En l'absence de l'un des deux accusés, en l'occurrence T. Mohamed -Algérien résidant en France qui n'aurait pas pu se déplacer en raison de problèmes de santé- seul M. Khalil, expert architecte de 52 ans, a été jugé pour avoir, selon l'accusation, établi un plan de situation au profit de T. Mohamed et au détriment des cousins de celui-ci, véritables héritiers d'une propriété de 555m², située à Hassiane Toual, commune de Benfréha. Les faits remontent à 2013, lorsque l'un des cousins de la famille T., Azzeddine, a été saisi par un ordre d'expulsion de la propriété en question qu'il disait occuper depuis les années 1980 avec l'accord des héritiers. La surprise de Azzeddine a été d'autant plus forte que la famille disposait d'un titre de propriété appartenant au défunt grand-père, Lakhdar, qui avait acquis le bien auprès d'un colon français en 1921. Les héritiers s'enquièrent de la situation auprès des instances concernées et découvrent que leur cousin Mohamed, établi à Nice, s'était «indûment» attribué la propriété en 1997 «grâce à diverses complicités». Les héritiers décident de porter plainte contre leur cousin et d'éventuels complices qui l'ont aidé à faire main basse sur la propriété familiale. L'enquête, et plus tard l'instruction, détermineront que les héritiers T. ont effectivement été victimes d'une tentative d'expropriation de la part de Mohamed, coupable de faux et usage de faux, avec la complicité notable de l'expert architecte, M. Khalil, qui aurait établi le plan de situation en son nom et sans se déplacer sur les lieux : «Sinon, il aurait constaté que la maison était habitée et qu'elle n'appartenait pas à Mohamed», a notamment accusé T. Azzeddine.

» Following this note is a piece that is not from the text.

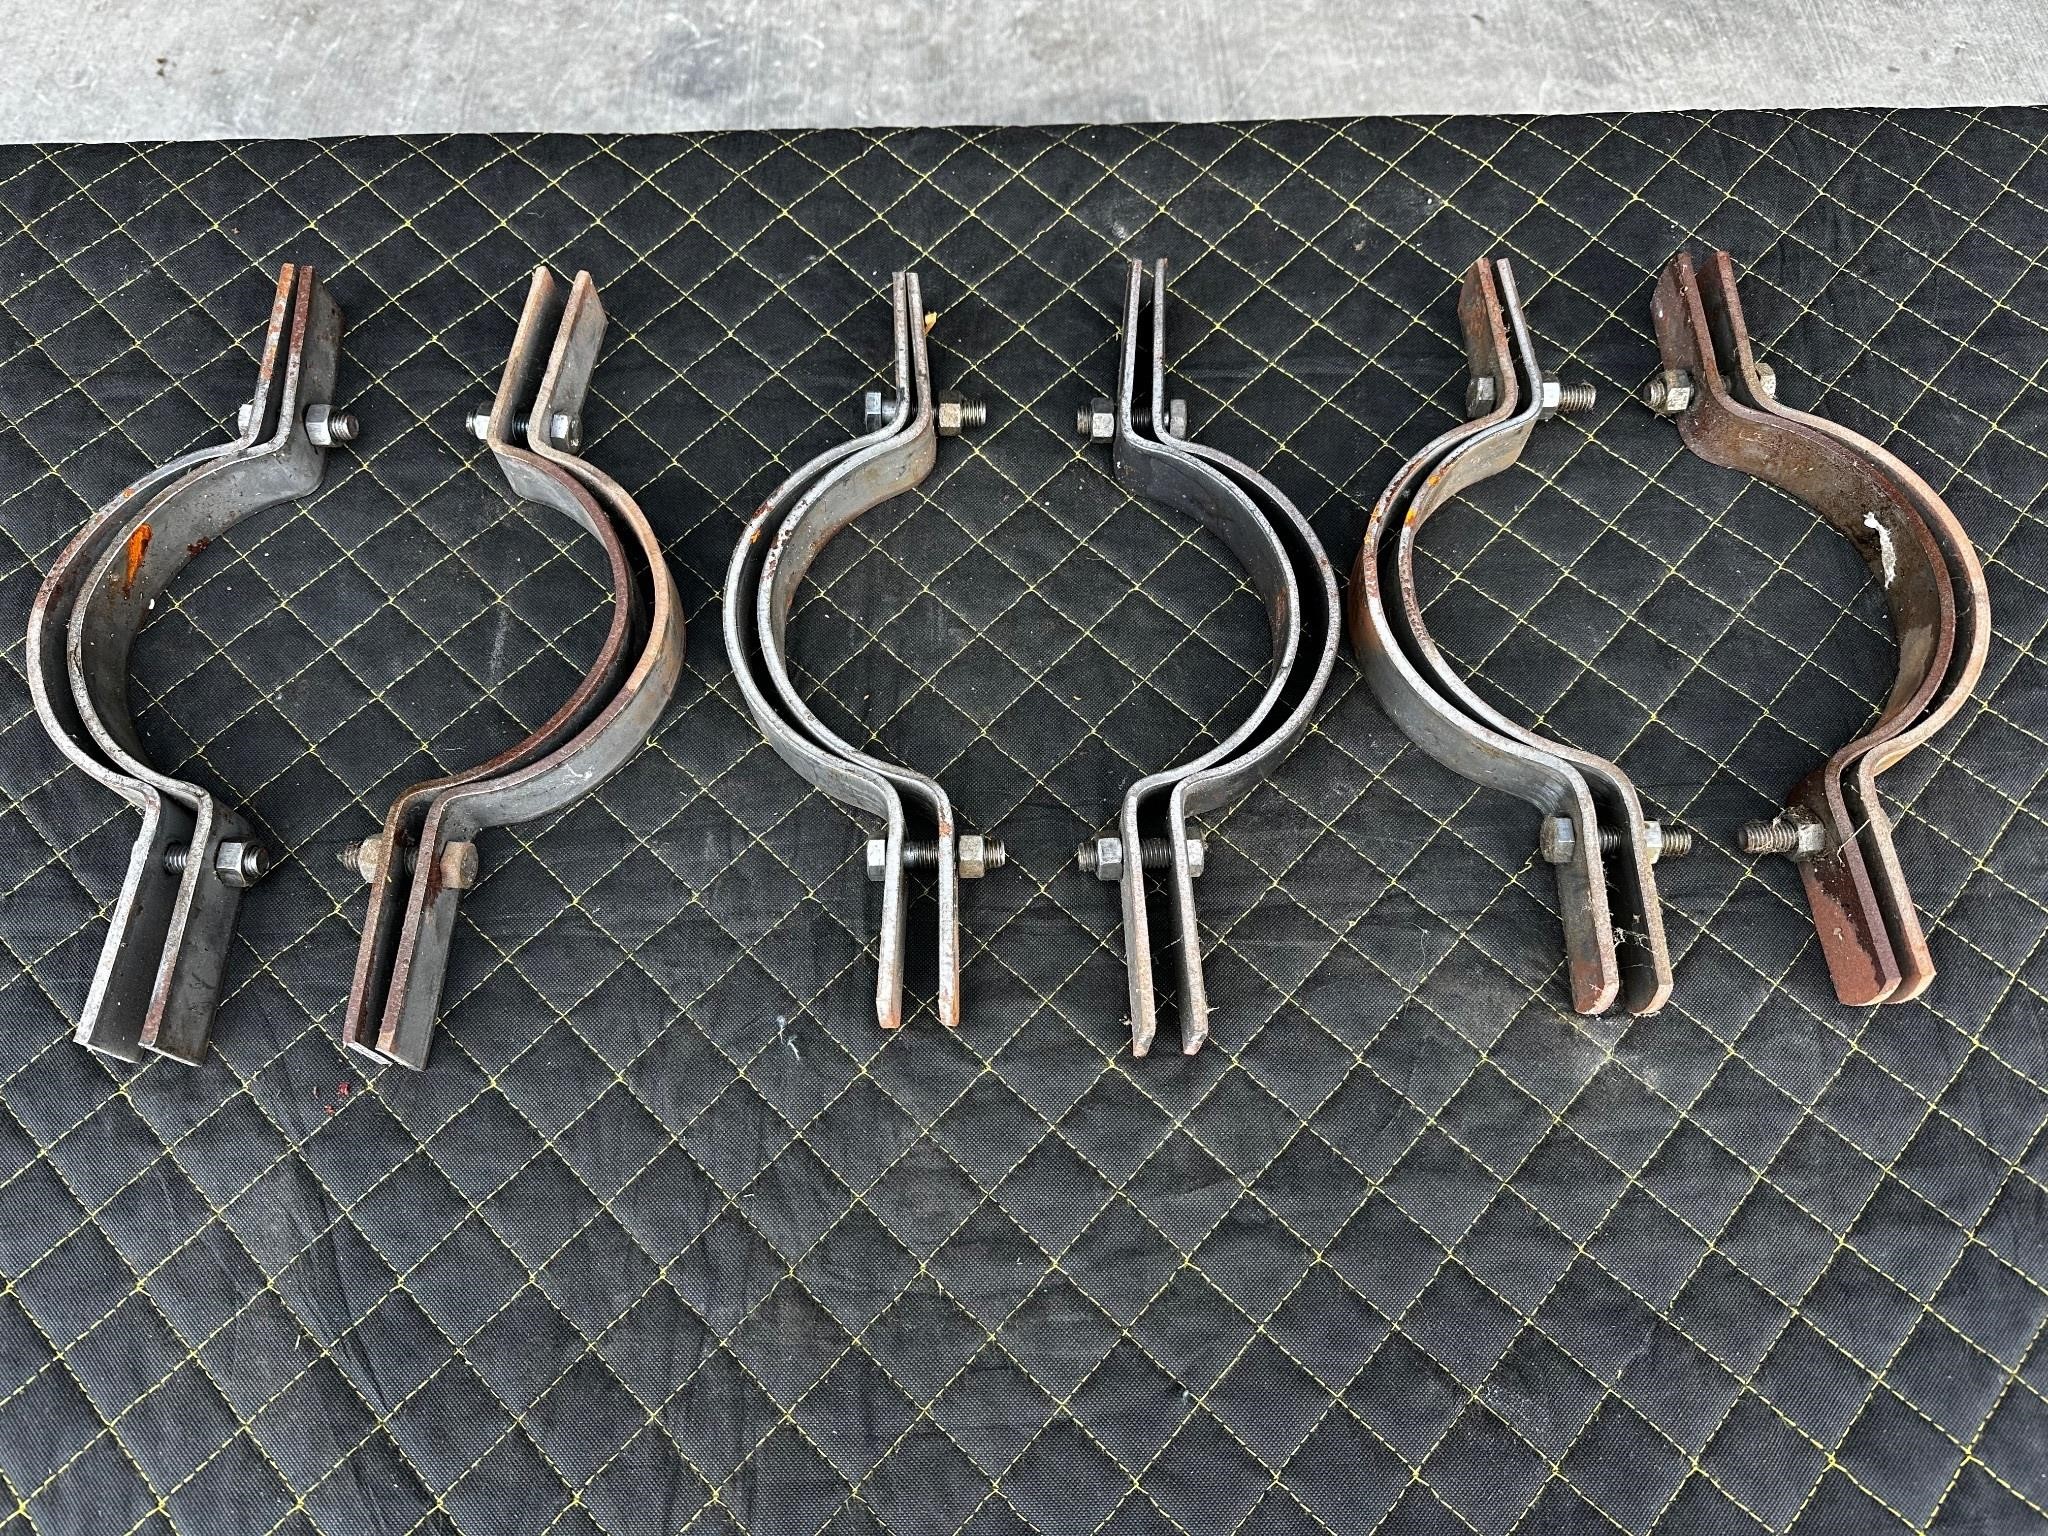 3 x Metal Pipe Clamps

Lors du procès où il comparaissait libre, M. Khalil s'est défendu de toute intention criminelle : «Je ne connaissais même pas ce T. Mohamed. Nous nous sommes effectivement déplacés sur les lieux pour établir le plan de situation que nous avons remis au notaire (décédé en 2012, Ndr). Nous ne pouvons pas être responsables de l'utilisation ultérieure du plan par des parties tierces», a-t-il notamment déclaré en reconnaissant avoir fait des déclarations contradictoires à l'instruction : «C'est la première fois que j'étais ainsi poursuivi et l'affaire remontait déjà à 15 ans, je ne m'en souvenais plus tellement», a-t-il encore expliqué.

Pour le ministère public, la culpabilité des deux accusés était établie et les faits contenus dans le dossier d'accusation étaient clairs : «L'architecte a établi le plan de situation sans se déplacer sur les lieux et ses propos contradictoires démontrent sa culpabilité», a-t-il notamment affirmé en requérant 10 ans de réclusion assortis d'une amende et 1 millions de DA contre les deux accusés. Comme il réclamera la séparation des procédures criminelles entre les deux prévenus et l'émission d'un mandat d'arrêt contre T. Mohamed.

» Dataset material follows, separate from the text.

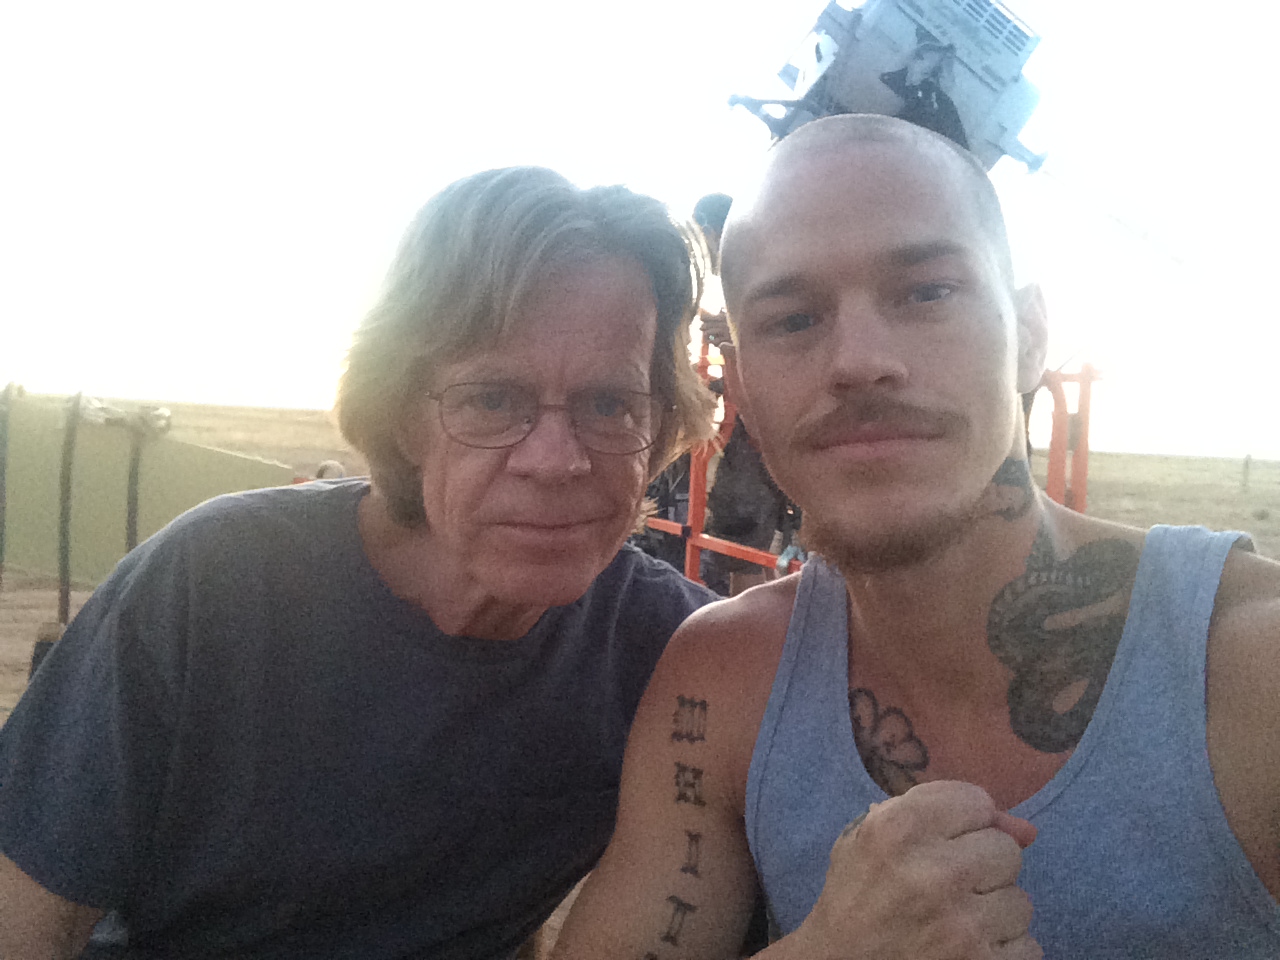 On set of BLOODFATHER with William H. Macy

Dans sa plaidoirie, l'avocat de la défense déplorera l'absence de la partie civile et la volonté de l'accusation de «faire porter le chapeau» à son client seul : «S'il y a eu fraude, d'autres parties sont forcément impliquées mais où sont-elles ?», s'est-il demandé en faisant allusion aux services de l'APC de Benfréha. Déclarant que le rôle de son mandant est «technique», il soutiendra qu'il n'est pas dans les attributions d'un bureau d'architecture de vérifier l'identité des propriétaires, mission que d'autres parties sont chargées de remplir. Il finira par demander l'acquittement pur et simple de son client.

Après délibérations, le tribunal criminel déclarera l'accusé coupable des faits reprochés et le condamnera à trois années avec sursis et une amende de 100.000 DA. T. Mohamed, lui, écopera de 10 ans de réclusion par contumace, assortis d'une amende d'un million de dinars.